The humble duffel coat is enjoying a quiet moment in the spotlight this year, transcending its association with children's culture and making its way onto the runways of high fashion. In Waitrose's latest Christmas advert, comedian Joe Wilkinson can be seen sporting the iconic garment alongside Keira Knightley, while footballer Cole Palmer has opted for one in Burberry's 2024 campaign.
Meanwhile, on stage in the West End, Paddington Bear is reprising his signature look, complete with the trusty duffel coat. And it seems that the high street is also embracing the trend, with Labrum's £279 cream-colored duffel and Marks & Spencer's £64 checked design making a statement.
But while its popularity may be widespread, the coat's appeal seems largely to be among men, particularly those who appreciate functional garments with clear origins. According to Andrew Groves, director of the menswear archive at the University of Westminster, this trend is part of a broader shift towards clothing that offers "weight, insulation and straightforwardness".
This sentiment is echoed by designers, with some opting for a more ironic take on the classic design – as seen in Liam Gallagher's signature style. When worn ironically, the duffel coat can become an endearing fashion statement, one that subverts its traditional associations.
However, not everyone is convinced of the duffel coat's place in high fashion. Teo van den Broeke, editor-in-chief of Esquire, believes that the garment should remain firmly in its childhood realm, where it belongs. "There's something really infantilising about them," he says, adding that grown adults wearing the coat can come across as unsexy.
But despite his reservations, van den Broeke acknowledges that the duffel has a certain timeless appeal – one that is rooted in its functional design and rich history.
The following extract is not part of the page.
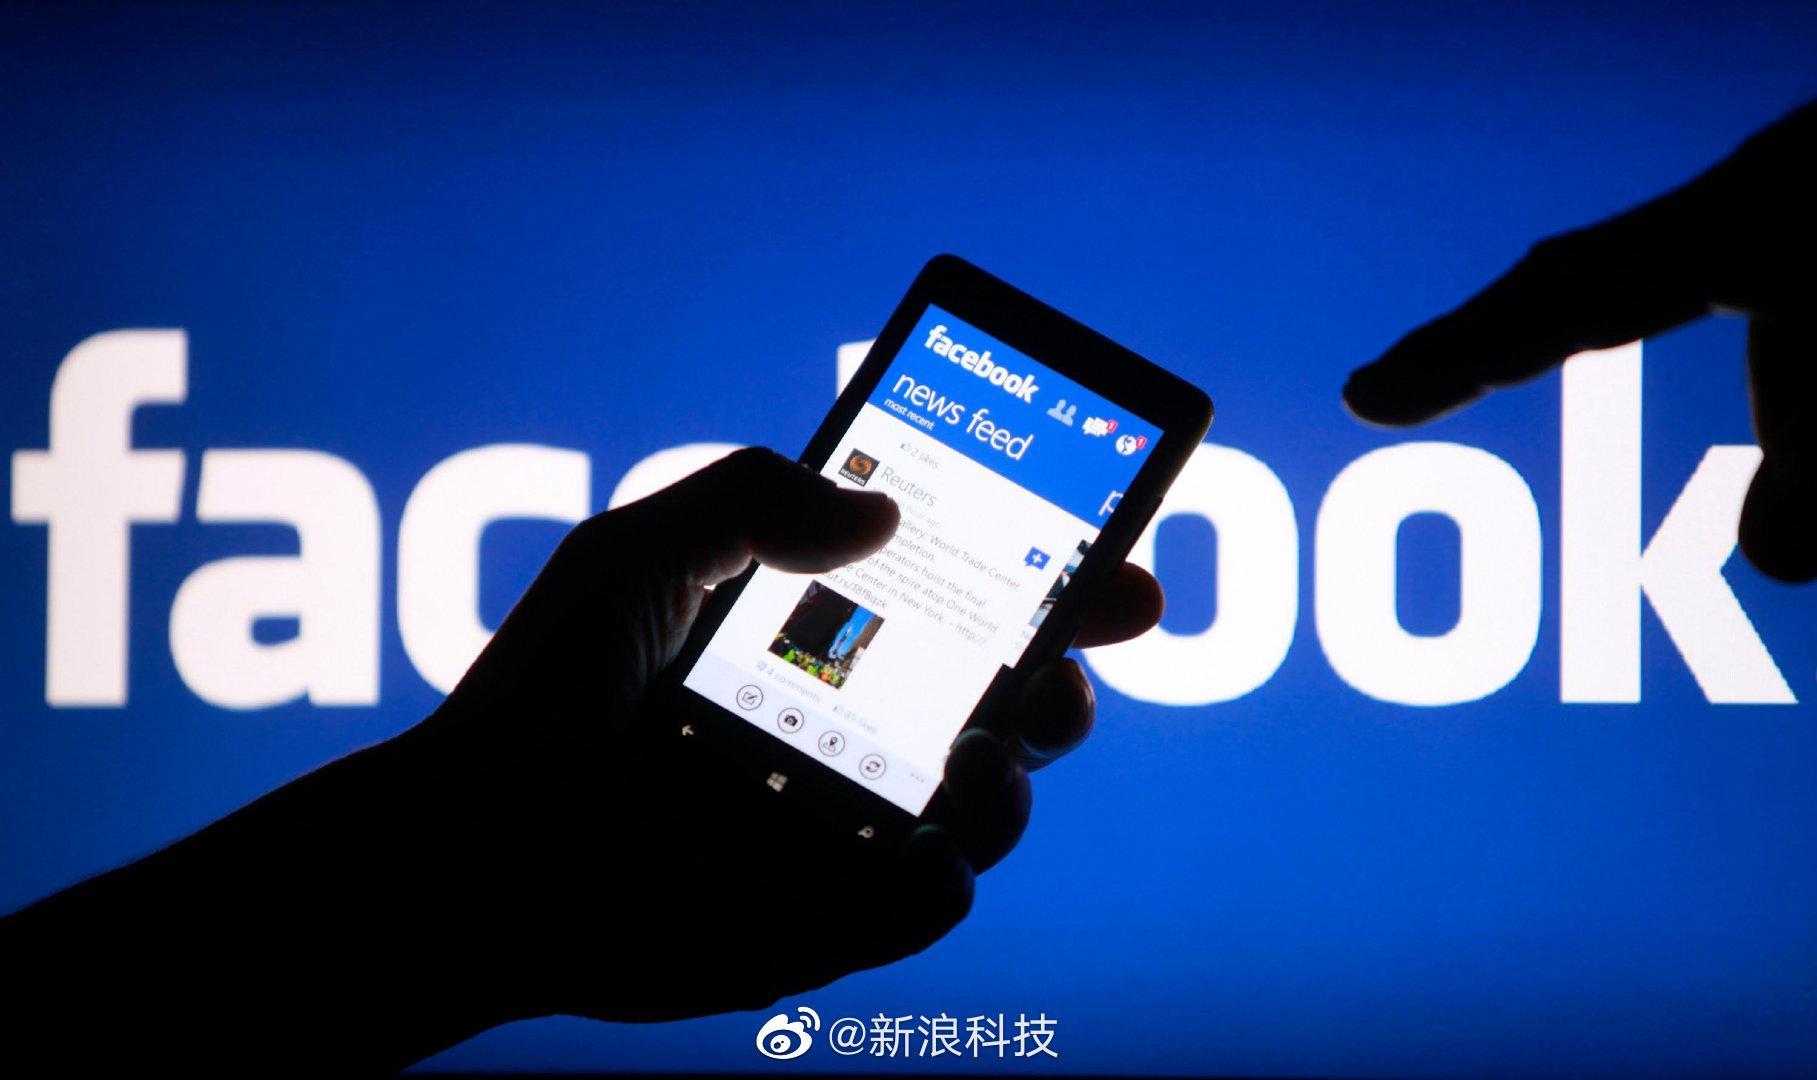 美国机构将脸书歧视调查定为系统性调查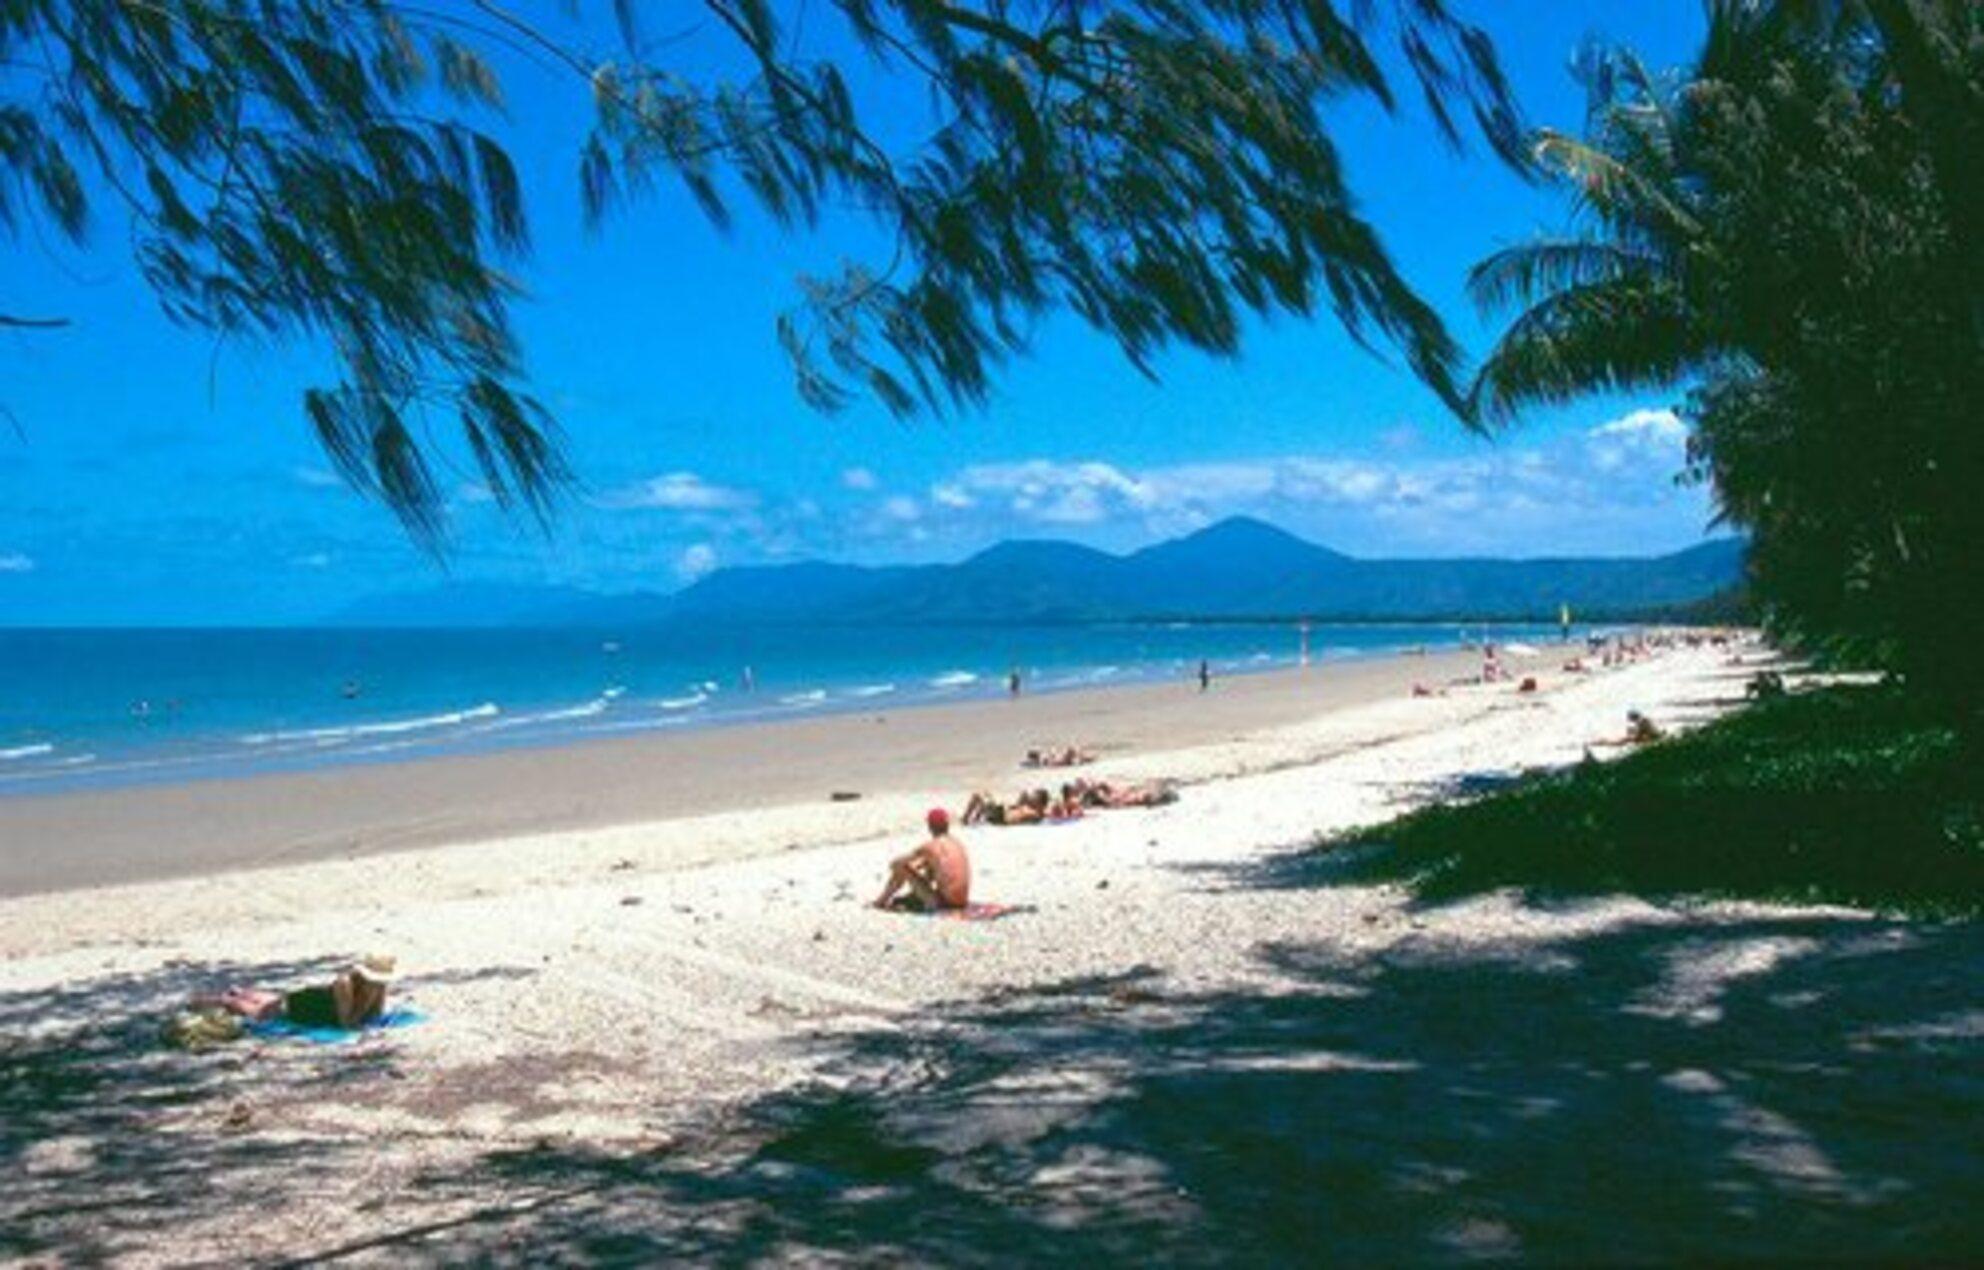 Port Douglas, Australie - 4-mile beach in Port Douglas,Queensland,Australie - foto door Hugie op 23-06-2015 - deze foto bevat: zee, beach, australie, queensland, port douglas, 4 mile beach - Deze foto mag gebruikt worden in een Zoom.nl publicatie

As Groves notes, "Whatever designers do to it, from Burberry to Prada, a duffel remains a duffel." The classic design may be here to stay, at least for now.
Meanwhile, on stage in the West End, Paddington Bear is reprising his signature look, complete with the trusty duffel coat. And it seems that the high street is also embracing the trend, with Labrum's £279 cream-colored duffel and Marks & Spencer's £64 checked design making a statement.
But while its popularity may be widespread, the coat's appeal seems largely to be among men, particularly those who appreciate functional garments with clear origins. According to Andrew Groves, director of the menswear archive at the University of Westminster, this trend is part of a broader shift towards clothing that offers "weight, insulation and straightforwardness".
This sentiment is echoed by designers, with some opting for a more ironic take on the classic design – as seen in Liam Gallagher's signature style. When worn ironically, the duffel coat can become an endearing fashion statement, one that subverts its traditional associations.
However, not everyone is convinced of the duffel coat's place in high fashion. Teo van den Broeke, editor-in-chief of Esquire, believes that the garment should remain firmly in its childhood realm, where it belongs. "There's something really infantilising about them," he says, adding that grown adults wearing the coat can come across as unsexy.
But despite his reservations, van den Broeke acknowledges that the duffel has a certain timeless appeal – one that is rooted in its functional design and rich history. As Groves notes, "Whatever designers do to it, from Burberry to Prada, a duffel remains a duffel." The classic design may be here to stay, at least for now.